Sene 2000. Bir Eylül sabahı.... [ Esra'nın ağızından ]

Hava soğuk ve bulutlu, rüzgarın ağaçlara vurup çıkardığı o ses ve okulun başlamasına iki gün kalmış bir gündü bugün. Balkonda kendi kendime mahalleden geçenleri izlerken babamın dükkana doğru gelişini gördüm. Hemen koşa koşa aşağıya indim ve sarıldım.

"Babaaa...! Okula başlayacak mıyım gerçekten yaptırabildin mi kaydımı ?" dedim.

"Evvett! Artık benim güzeller güzeli kızım iki gün sonra okula başlayacak" dedi ve yüzünde ki kocaman gülümsemesiyle saçlarımdan öptü.

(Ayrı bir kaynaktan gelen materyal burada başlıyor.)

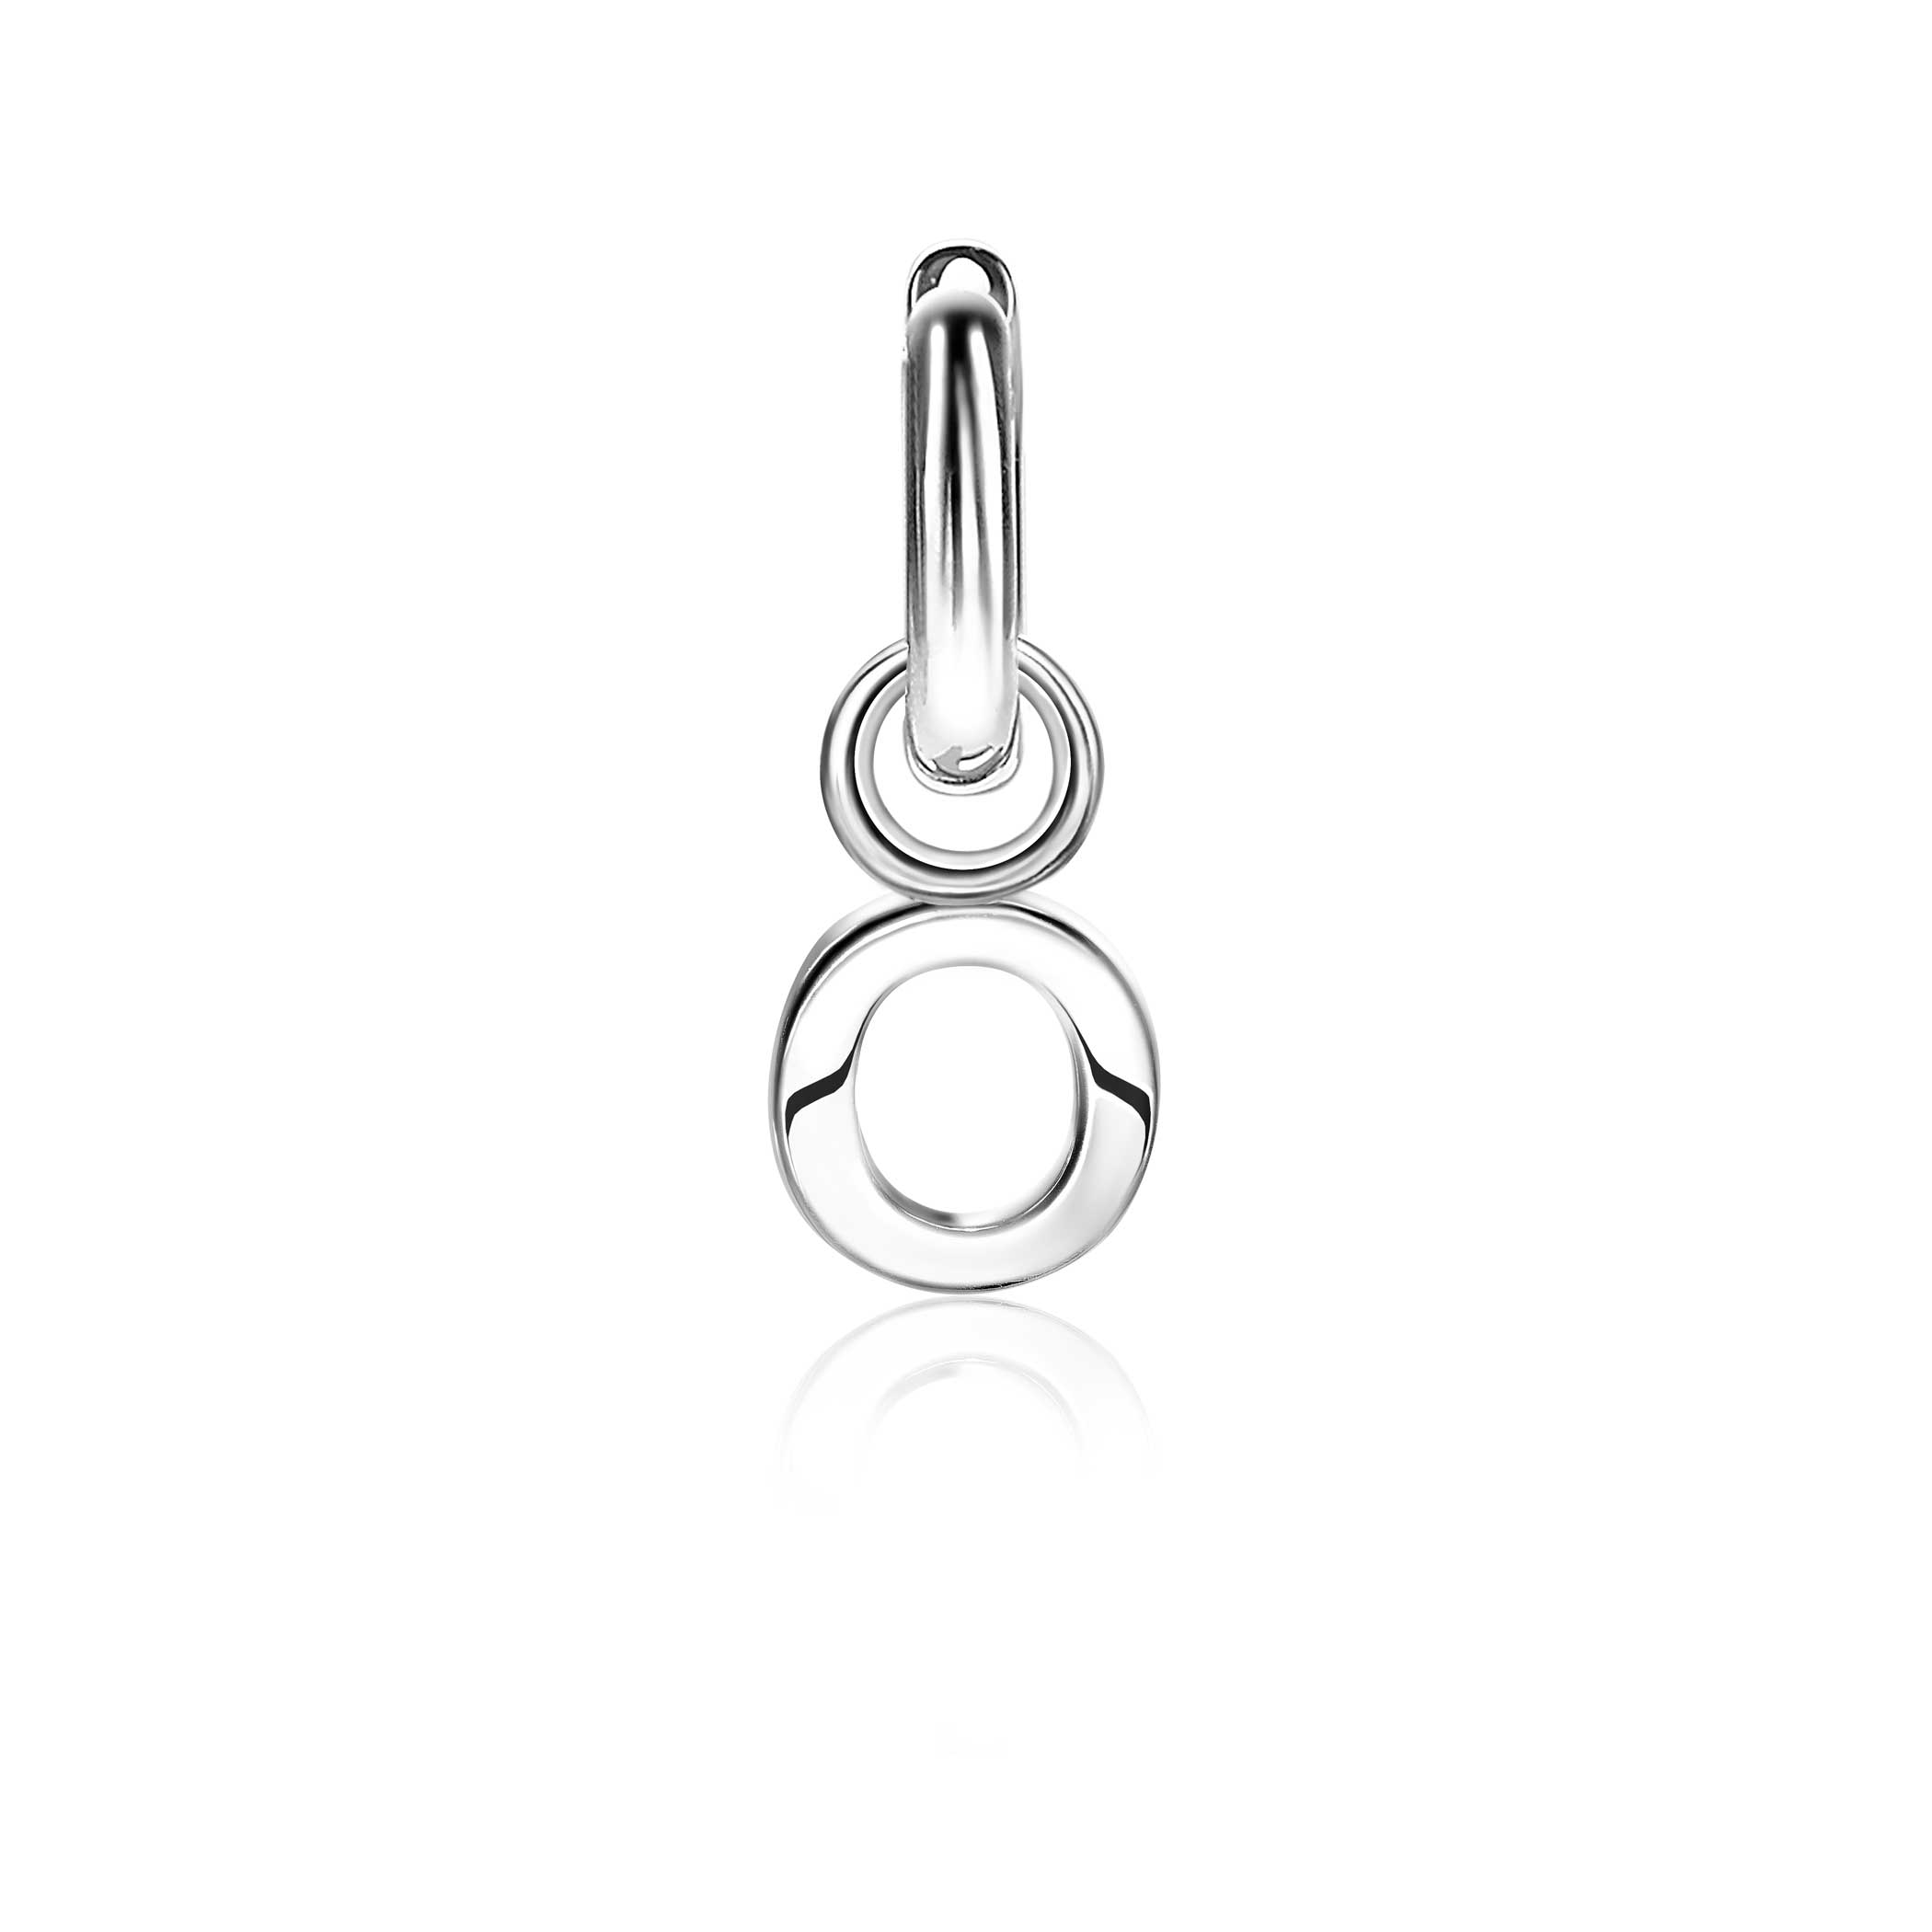 ZINZI Sterling Silver Letter Earrings Pendant O price per piece ZICH2144O (excl. hoop earrings)

Babamın yüzünde ki o mutluluğu gördüğümde okuma isteğim daha da bir arttı. Çünkü dükkanın eskisi gibi pek getirisi yoktu. Bende ileride annemle babama yardım etmek istiyordum. Maddi durumumuz abimin borçları yüzünden felaket olduğu için...Ama yine de okula başlayacak olmam bütün bu kötü şeyleri unutturuyordu bana.

~ 2 gün sonra ~

"Esraa! Annem hadi kalk giyin bak okula geç kalıcaksın daha ilk günden"
"Yaa 5 dakika daha...lütfen"
"Hayır annem hadi kalk giyin sonra gel kahvaltını yap bak Eko bırakacak okula ".

Abimi duyar duymaz fırladım yataktan hemen giyinmeye başladım. Malum abim benimle uğraşmayı pek sevdiği için ilk günden arkadaşlarıma rezil etmesini istemiyorum. Hızlıca giyindim, kahvaltımı yaptım ve yola çıktık.

Esra yerinde duramıyordu heyecandan. Tabii bunlar tatlı heyecanlar ama Eko yine yaptı yapacağını ve arkadaşlarının yanında Esra'ya şakalar yapmaya başladı...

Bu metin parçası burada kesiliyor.